By now, you’ve probably filed your 1996 tax return and made your final payment on the balance due. What you probably don’t realize, however, is that you paid only part of your current balance. The U.S. government does not bill you for your part of the nation’s deficit; it leaves that to the next generation.
How does the government get away with it? Simple: It doesn’t bill you for the real cost of government now, thereby pushing our annual accumulated excess spending (the national debt) onto tomorrow’s taxpayers—our children and grandchildren.
As a CPA and former member of Congress, I believe that every citizen has the right to know the real cost of government. But the U.S. government is not required to keep track of its finances and report to taxpayers the way publicly traded corporations are (under the Securities and Exchange Act of 1933). While everyone talks about the national debt, the cash basis of accounting used by the federal government allows elected officials, wittingly or unwittingly, to disguise its real magnitude.

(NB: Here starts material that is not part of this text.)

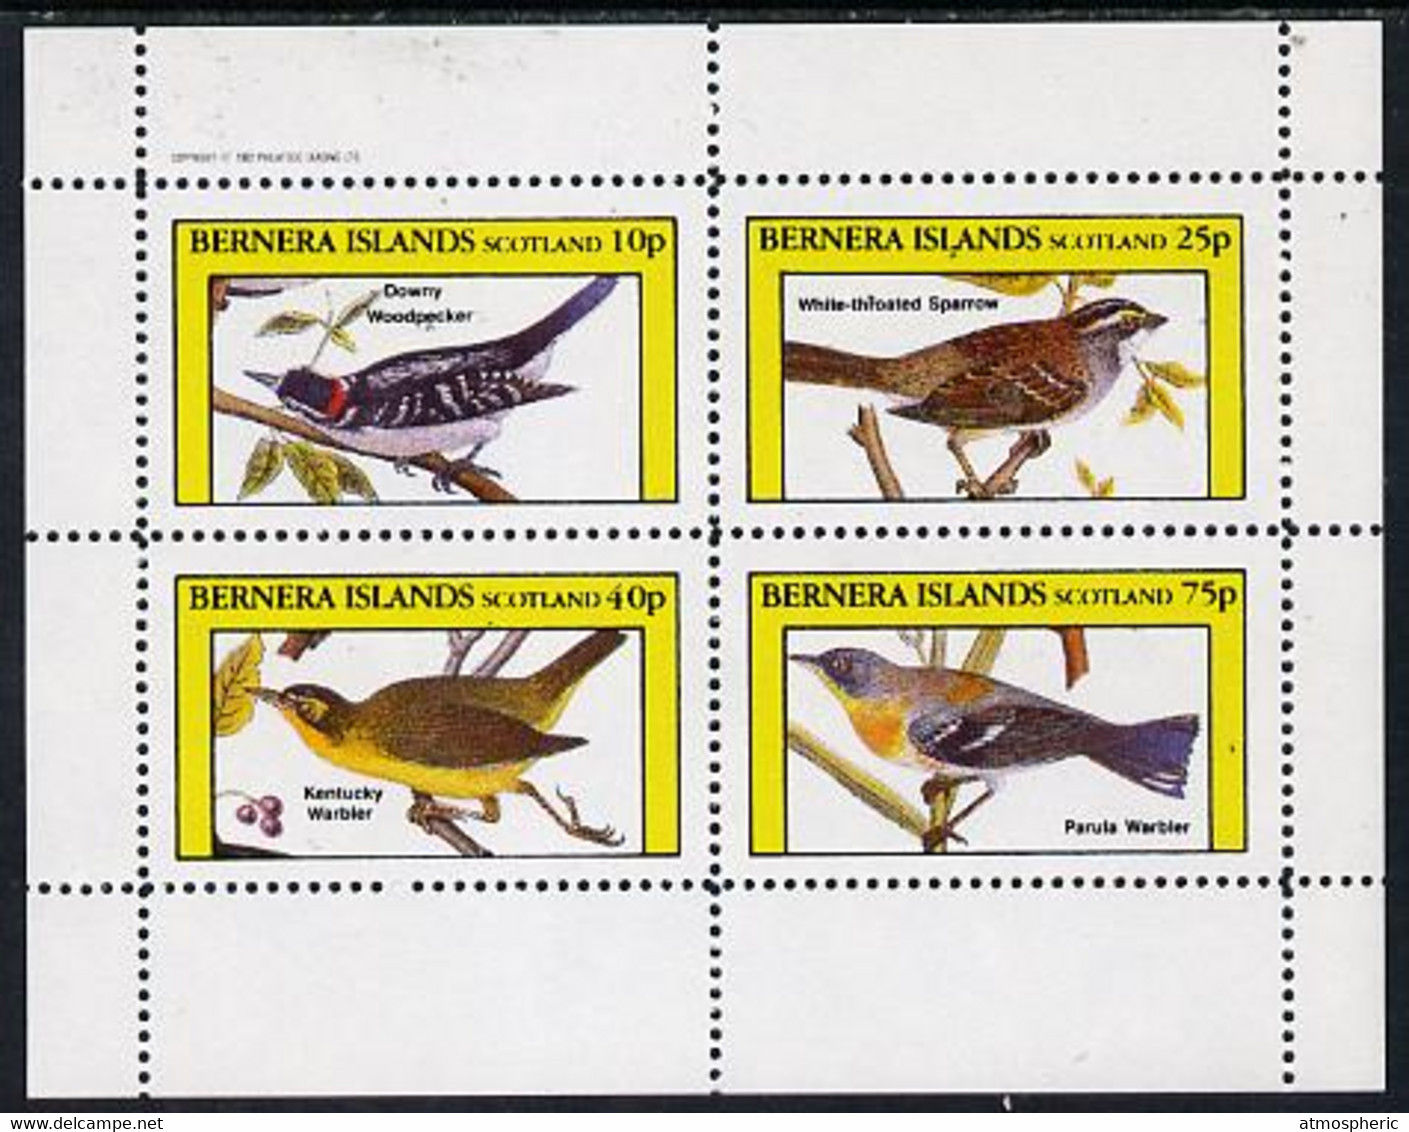 Bernera 1982 Birds #22 (Woodpecker, Warblers Etc) Perf  Set Of 4 Values (10p To 75p) U/M - Scotland

The national debt, as currently defined by government accountants, is the amount the U.S. government owes to those who hold treasury notes, bills and bonds. In 1969, the national debt was $365.8 billion. By the end of fiscal 1996, it was $5.2 trillion. Even allowing for the depreciation of the dollar between 1969 and 1996, the national debt has more than doubled. This sum does not include unrecorded liabilities that our government will have to pay in the future, including unfunded liabilities for Social Security, Medicare, military and civil service pensions, and government guarantees, which would easily triple the national debt. In fiscal 1996, it took $340 billion just to cover the interest on the $5.2 trillion shown on the federal government’s books.
Although the Second Liberty Bond Act put a ceiling on the total federal debt, elected officials have voted to raise that limit almost every year. With congressional approval, the debt limit was increased by $600 billion at the end of 1995, bringing the new debt limit to $5.5 trillion. The 435 members of the House of Representatives did this by sliding a plastic voting card through a slot. I once had one of these cards, which I dubbed in my 1992 book, "Unaccountable Congress: It Doesn’t Add Up", as “the most expensive credit card in the world.”
Imagine having a credit card with an unlimited credit line and no expiration date. The balance on the card is billed not to you, but to future generations. Although the federal government does not bill taxpayers the way that MasterCard and VISA do, I have put the annual budget of the United States in the form of a credit card statement to show you how government spending affects each of us as taxpayers. Note that there was a large previous balance due of $43,252.03. This is your share of Congress’ past spending, which was covered by borrowing in your name, not by revenues.
You will see a number of items that elected representatives bought (i.e. appropriated) on your behalf during the past year—Social Security, defense, health and so forth. Your share of these expenditures was $11,854.30. Added to the previous balance, this brings your account charges to $55,106.33. But you did make some payments on your balance during the year, through your income taxes, payroll taxes and so on. These payments reduced your balance by $12,632.72.
Finally, I must remind you that even Uncle Sam cannot borrow other people’s money interest free. So you also have to pay a “finance charge” on his borrowing, amounting to $2,959.54. This is your share of the interest on our national debt. Adding this gives you a new balance due of $45,433.14—an increase of $2,181.11 over last year’s balance due.
When your credit card company notices that you have reached your credit limit, it lets you know that you are at the end of the line. Not so with Congress. The plastic cards that representatives use to vote on spending and taxing bills have no effective limit. There is a theoretical limit, however; it’s called the debt ceiling. But, as I said before, the amazing thing about the congressional credit card is that it can also be used to raise the debt limit. Every time Congress’ deficit spending runs up against the current debt limit, a majority of the members simply stick their little plastic cards into a computer terminal at the end of each row of seats on the House floor. If the Senate and president concur, the nation’s debt limit is increased. (I doubt your private credit card company is planning to introduce this feature.) Except for the fact that your children and grandchildren will pay through the nose for Congress’ use of this voting (read, “credit”) card, it is a real boon—at least to Congress and the administration, because it makes it possible for them to keep passing the buck (really the bill) on to the next generation.
If you want to do something about it, I suggest you join me in urging elected officials in Congress to use their cards responsibly. Ask them to take a pledge of fiscal responsibility and implement the following “truth in government” spending program:
Real congressional budget reform, including redefinition of the budget into general, trust fund and enterprise accounts, and a biennial budget cycle;
It is our right to demand fiscal responsibility, honest accounting, clear reporting and full disclosure from elected officials. It is also our right as citizens to use the voting booth to take the most expensive credit card in the world away from those members of Congress who continue to abuse us and succeeding generations with what has become the fiscal equivalent of a massive pyramid scheme.
Personally, I think moving election day to April 15 is an excellent place to start.